Keeping Blue updated on a daily basis consumed more and more time. My wife said she wished I had a mistress of flesh and blood rather than one of 1’s and 0’s. “At least then I could shoot the bitch,” she said.
But it was fun, my ego enjoyed the attention, and things were going along pretty well until a star-struck White House intern got down on her knees, gave the President of the United States a blow job and then told her best friend about it. When the story broke (on Matt Drudge’s Internet site), it seemed everybody turned to ‘Net news sites for all the latest salacious details on Bill Clinton and his intern girlfriend. While the mainstream news outlets struggled for ways to describe oral sex, we told the whole story without euphemisms. On some days, our servers groaned under the load of 12 million plus hits a day.
And while Bill Clinton’s mistress threatened his presidency, my mistress threatened my health and energy levels. I would drag myself into my day job, wiped out from a night at the computer, trying to satisfy my mistresses’ lust for more and more news.
At the height of Monicagate, I sold Blue to a group of newspapermen who said they wanted to make it bigger and better. After three months of watching them abuse my mistress, I exercised an option to buy her back.

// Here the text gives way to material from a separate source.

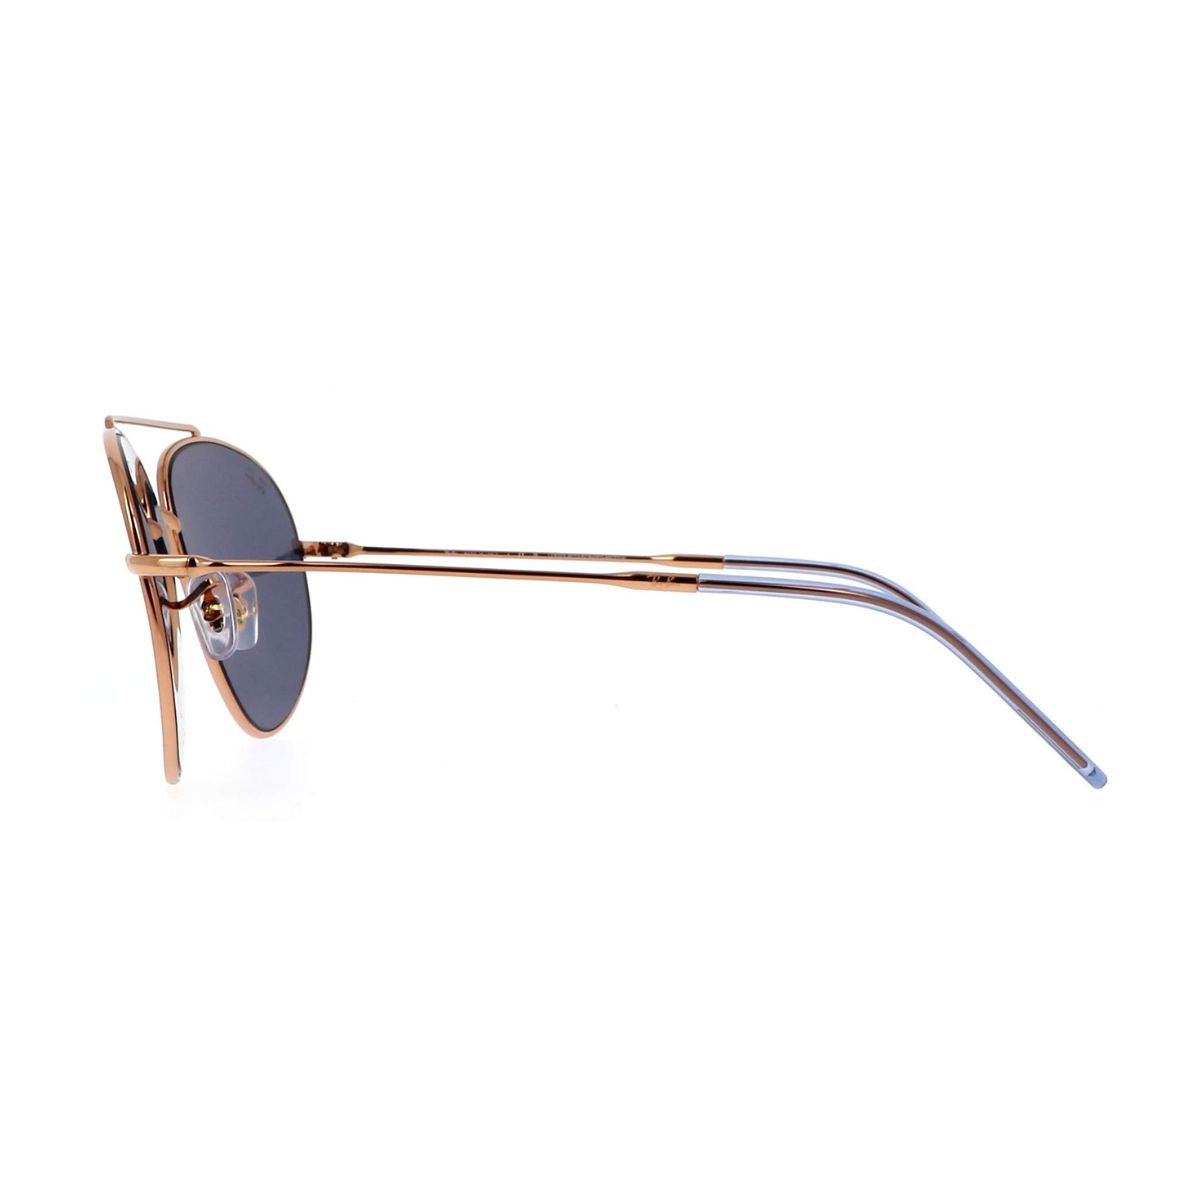 "Rayban 0101 9202/3a Reverce Aviator Style Sunglasses For Men At Optorium"

Clinton’s inability to keep the First Member in his pants brought us both fame and infamy. The New York Times called us “an early warning sign site for breaking news stories.” Others called us sensationalist and tawdry. Some newsmen and women working in Washington came to us when their editors refused to run their stories. We gladly gave them a platform, often publishing their works under pen names so they could keep their day jobs.

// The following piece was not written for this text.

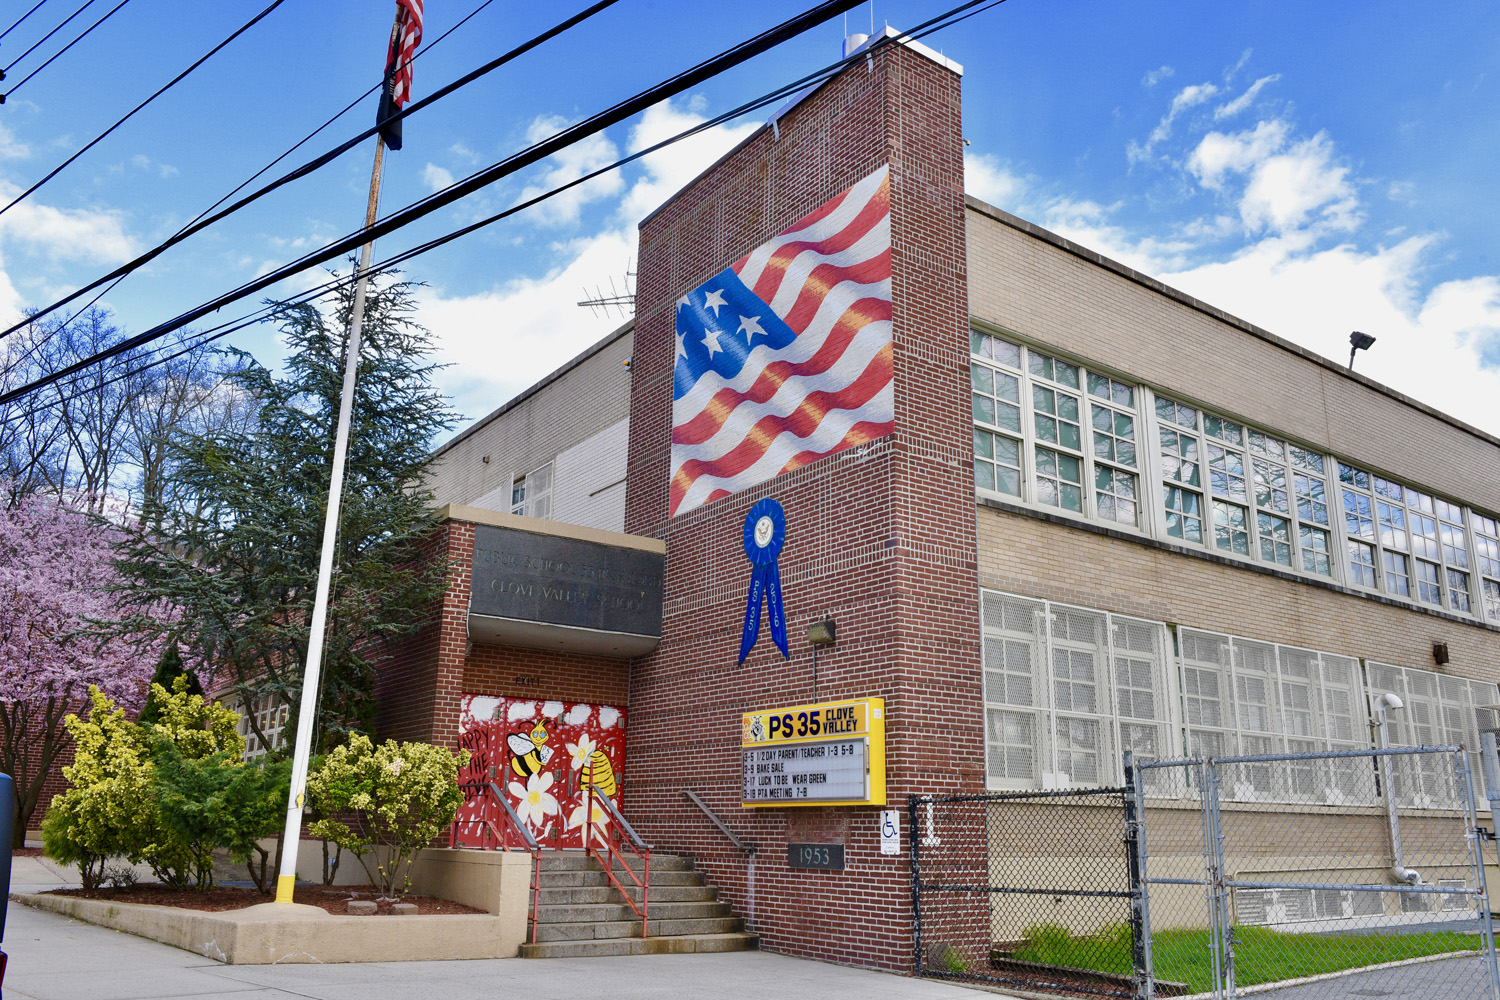 PS 35 Public School on Staten Island

But Blue was riding the crest of the Internet wave and that wave was about to crash, drowing much of our competition in the undertow. Politics USA folded, closing suddenly with a terse announcement on the home page that simply said “Good bye.” Others soon followed. The information superhighway turned not into a road to riches but a path to bankruptcy.
Still, the independents remained: Drudge, WorldNet Daily, Capitol Hill Blue. Large media conglomerates like The Washington Post and New York Times continue to pour millions into their web sites, but don’t show a profit. The Post has lost more than $100 million on washingtonpost.com.
Yet Blue survives. Why? Because this site never was, and never will be, a business. It’s a labor of love. The news side is still a one-man operation (the one man being me), assisted from time to time by some newspaper friends who pass on stories or lend a helping hand. Last year, Sharon Hosenfeld volunteered to take over the ReaderRant bulletin board and has turned it into a popular debate forum. She has assembled a good team of moderators who work long hours for no pay and nowhere near as much praise as they deserve.
Our readership has settled into about 100,000 people who visit our site each day and read our mix of news and opinions, look at our photos, view our videos and debate the issues of the day in our forums.
My mistress turned a year older this year. She still demands too much of my time, drains my pocketbook and invokes jealously from my wife. It remains to be seen if Internet sites, like wine, improve with age.
But we’re still here, which is a lot more than we can say about a lot of other Internet sites. And we’re not going anywhere. Capitol Hill Blue is, and shall remain, the oldest daily news site on the Internet.
Happy belated birthday honey. Sorry I forgot. I’ll try to do better next year – if my wife doesn’t kill me for spending too much time with you.